Es ist eine handschriftliche "Liste der vorgenommenen Unfruchtbarmachungen auf Grund des Gesetzes vom 14. Juli 1933" der Jahre 1935 bis 1943 des (Alt-)Kreises Wittlich. In ihr sind 213 Menschen gelistet.
Nach einem Abgleich mit den Erbgesundheitsakten des damaligen Wittlicher Gesundheitsamtes sind nun von Claudia Schmitt 255 zwangssterilisierte Menschen aus dem Altkreis Wittlich mit Eingriffsdatum und Angabe des ausführenden Krankenhauses ermittelt worden.
Das jüngste Opfer war 13 Jahre, die älteste Frau war 46 Jahre. Von den Männern war der älteste 52 und der vermutlich jüngste Sterilisierte 16 Jahre alt. Außerdem sind durch die Arbeit des Gymnasiallehrers Franz-Josef Schmit dem Kreisarchiv vier Menschen aus dem heutigen Landkreis bekannt, die der Euthanasie-Tötungsaktion zum Opfer gefallen waren. Ihre Diagnosen lauteten auf "angeborener Schwachsinn".
Wer übrigens nicht zum angeordneten Termin erschien, wurde mit der Polizei gebracht. Solche Fälle sind aus Wittlich, Salmrohr, Kröv, Bausendorf, Laufeld, Großlittgen, Flußbach und Krinkhof bekannt. Claudia Schmitt hat auch 27 Verdachtsfälle für mögliche Euthanasiemorde unter den Sterilisationsopfern gefunden: vor allem Kinder, Jugendliche auch Erwachsene aus Anstalten.

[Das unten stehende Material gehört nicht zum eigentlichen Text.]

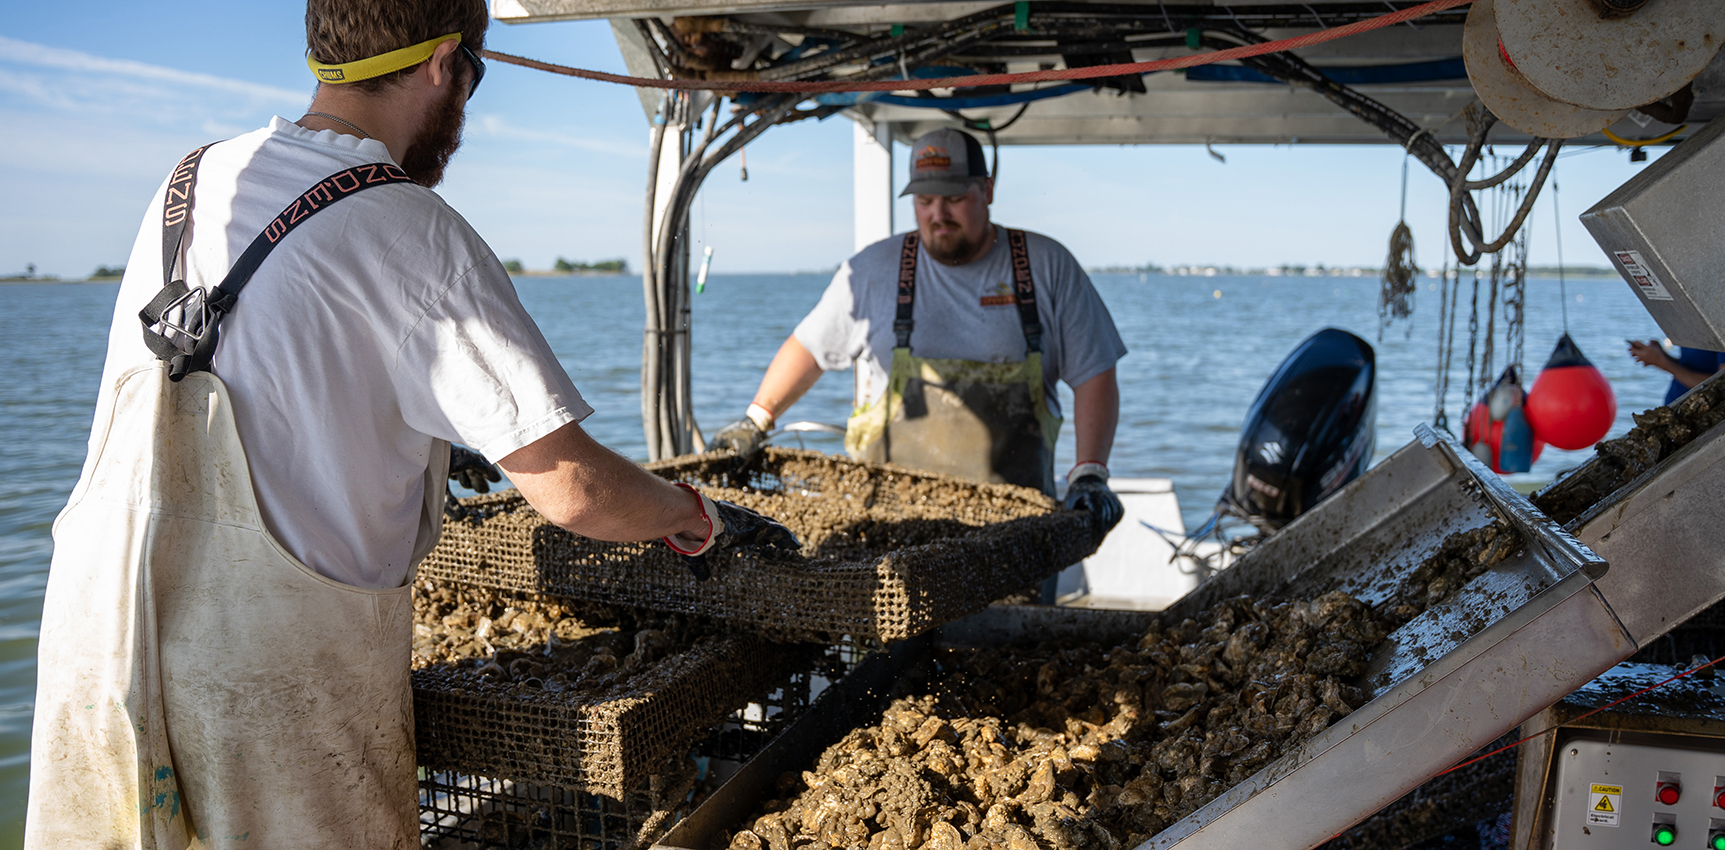 Washing and sorting oysters on the boat have helped Madhouse Oysters save time and effort. Photo, Logan Bilbrough/UME MDSG

Sie sagt: "Man hat im Endeffekt eine Art Rasterfahndung nach den Menschen gemacht, die in Anführungszeichen als ,geisteskrank' galten. Das ist so schlimm. Das waren Menschen mit schweren Schicksalen. Mancher hatte vielleicht einen Nervenzusammenbruch wie man ihn heute Burnout nennen würde. Und dann ist man eingewiesen worden. Die Familien haben so nicht nur einen Angehörigen verloren. Sie haben auch aus Scham geschwiegen. Man hat etwa Mütter in ihrer Trauer, die nicht zugelassen war, allein gelassen." Claudia Schmitt recherchiert weiter. Jetzt stehe der Altkreis Bernkastel im Fokus.
Kontakt: Claudia Schmitt, Kreisarchiv, Telefon: 06571/96633, Fax: 06571/14 42 905,
claudia.schmitt@bernkastel-
wittlich.de .
Extra

Von Zwangssterilisation bis Mord
Foto: (m_kreis )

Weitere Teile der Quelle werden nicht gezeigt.